*EXERCISE DESCRIPTION:*
Copy out the entire listing below exactly, but without its pictures.

*DATASET EXTRACT:*

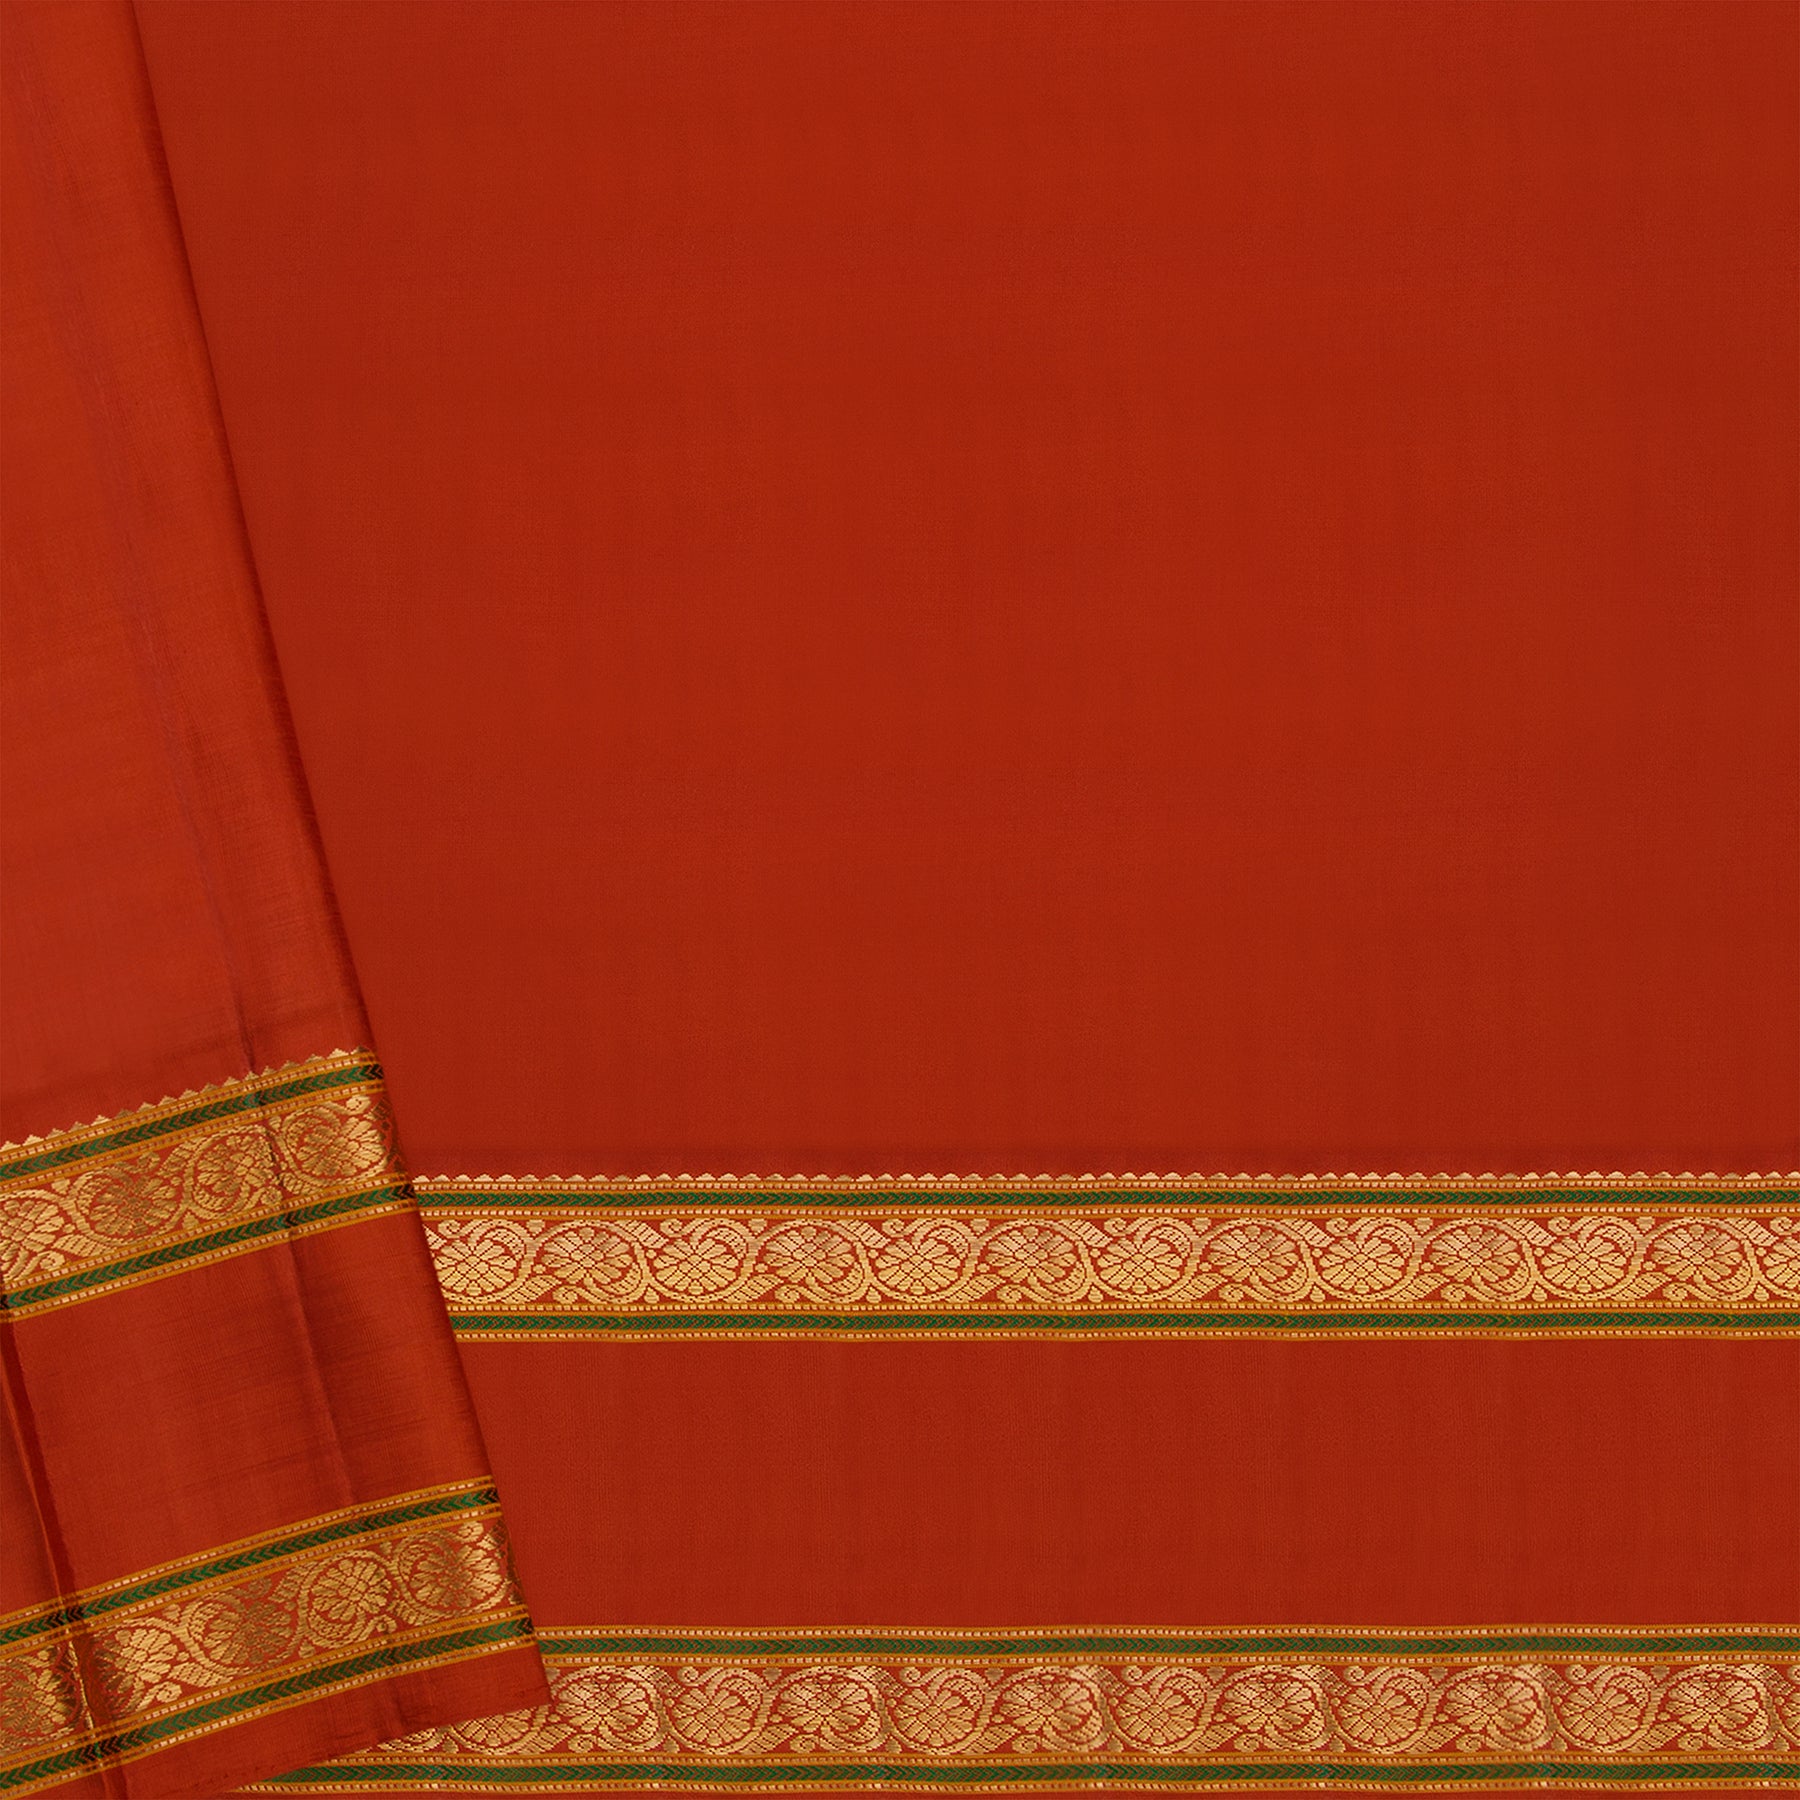 Kanakavalli Kanjivaram Silk Sari 23-040-HS001-01899 - Blouse View
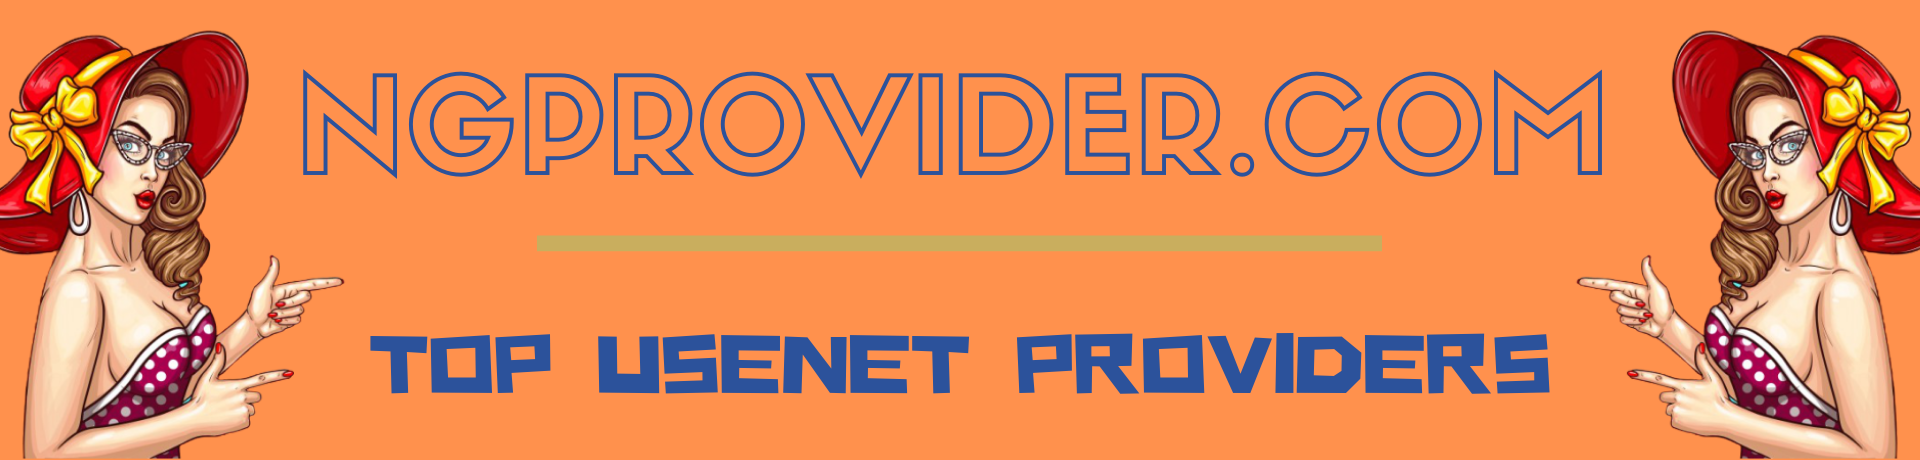 TOP Usenet Providers
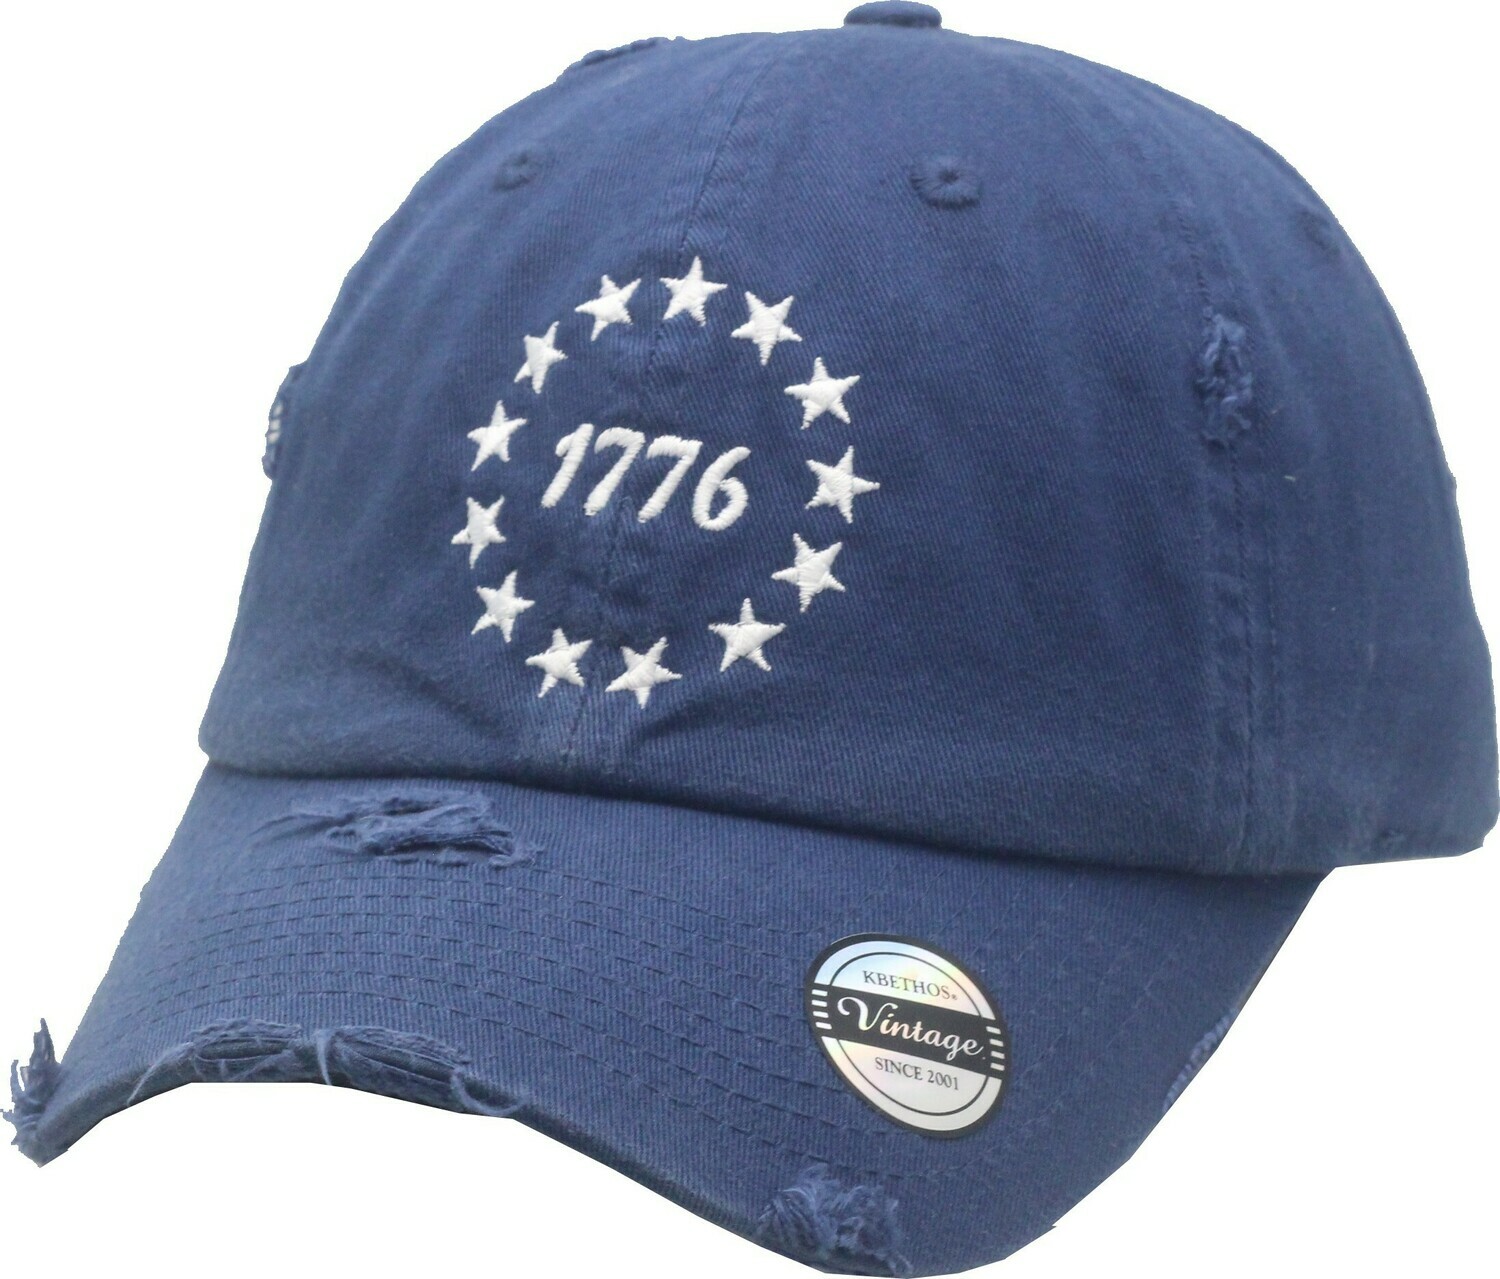 1776 Star Distressed Navy Vintage Buckle Back Hat

*EXERCISE RESULT:*
 Kanakavalli Kanjivaram Silk Sari 23-040-HS001-01899 - Blouse View
 TOP Usenet Providers
 1776 Star Distressed Navy Vintage Buckle Back Hat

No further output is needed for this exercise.